Santa Cruz Dance Company founder Joy Smith, the only trainer and licenser of Zumba instructors in Northern California, leads a class. (Photo by Chip Scheuer)
It all started by accident. Alberto “Beto” Perez showed up to teach an aerobics class in Cali, Columbia, and forgot his traditional aerobics music. So he improvised with some mix tapes of salsa and merengue music he had in his backpack. The class went wild for the resulting workout, and Zumba was born.
That was the mid-’90s. By 2001, the dance-fitness program was trademarked, and has since spread like wild fire through gyms and dance studios in 150 different countries. Today, an estimated 14 million global citizens shake what their mama gave them in the party-like atmosphere of Zumba classes.
Local Zumba instructor (and founder of the Santa Cruz Dance Company) Joy Smith is partly responsible for Zumba’s spread: she is the company’s sole trainer and licenser of Zumba instructors in Northern California. She also teaches instructors in Minnesota, Washington and the Netherlands, and she helped get the ball rolling in France and Belgium, too.
Every once and a while, Smith throws a “beginners” class into the vigorous class schedule at the SCDC, geared toward the more hesitant of the Zumba-curious, which is how I found myself lured to her studio the first time, only to return a week later to take a faster-paced class with the energetic Angel Brown.
As soon as the music began to ricochet off the mirrored walls and polished dance floor, I sensed there was more to Zumba than just a workout.
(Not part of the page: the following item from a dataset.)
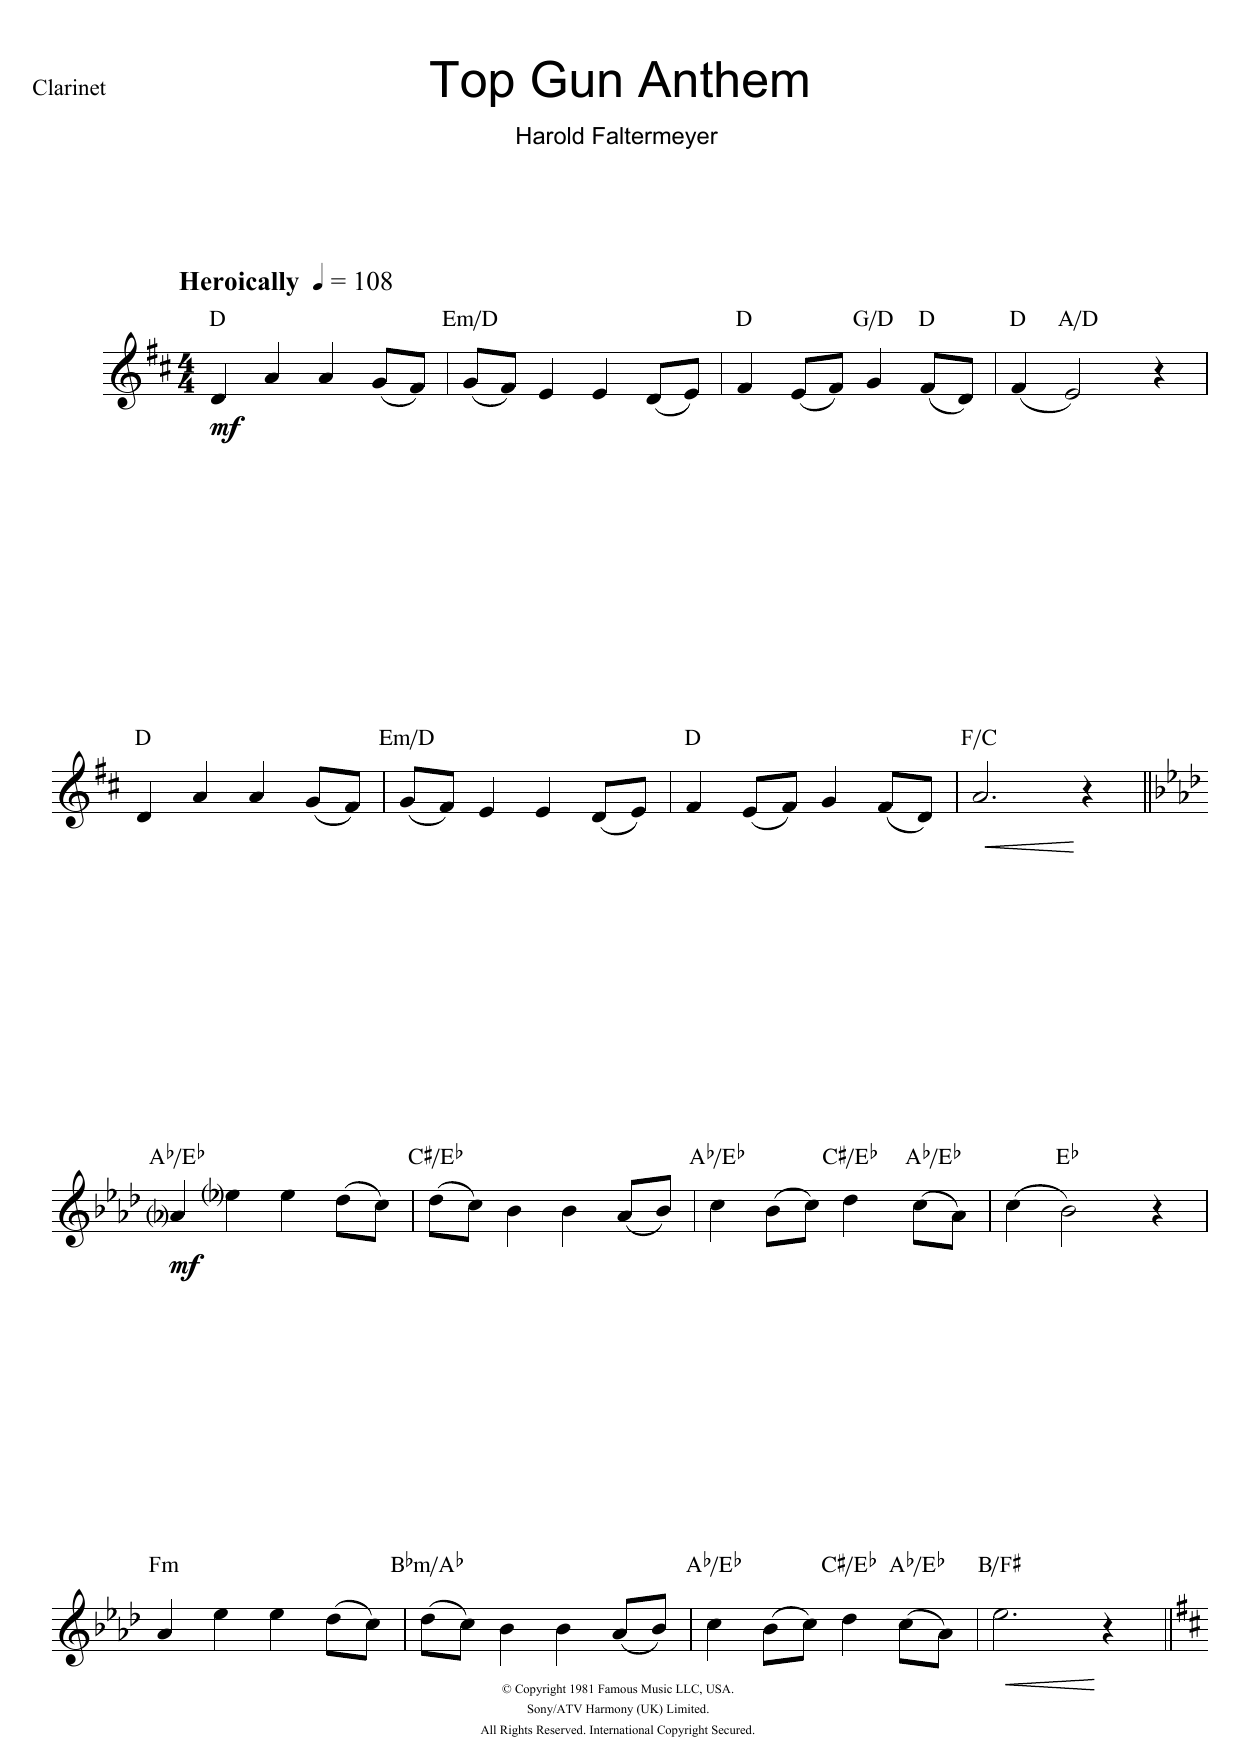 Harold Faltermeyer Top Gun (Anthem) Sheet Music Notes & Chords for Alto Saxophone - Download or Print PDF

The notion was soon to be confirmed: If I entered the class preoccupied by a slight emotional funk, I left feeling invigorated, motivated and well, sexy.
“Zumba is a definite mood lifter, de-stressor, and it has been very effective in helping people with depression, menopause and the like,” says Smith. “Many people at my studio take two and even three classes a day because they love it so much. They take those positive feelings back into their lives and the effects are positively profound.”
The exhilaratingly loud Latin music gets the blood pumping even before we begin gliding through salsa, merengue, reggaeton, samba, Bollywood and hip-hop moves. Make no mistake about it: some of the steps are intimidatingly difficult. I find myself stumbling and faking through a few, but luckily the choreography is fast-paced enough to change just when you start feeling dumb.
“I would say that most people were born with dance in their hearts,” says Smith. “All people need is a little exposure. The more you do it, the easier it feels and the freer you feel.”
In a way, it’s like learning a guitar scale; if you think about it too much, you’ll mess up. The shrill “whoops” emanating from all corners of the dance floor are a reminder that it’s okay to mess up, nobody’s judging you except you. Plus, instructors encourage their students to make their own modifications.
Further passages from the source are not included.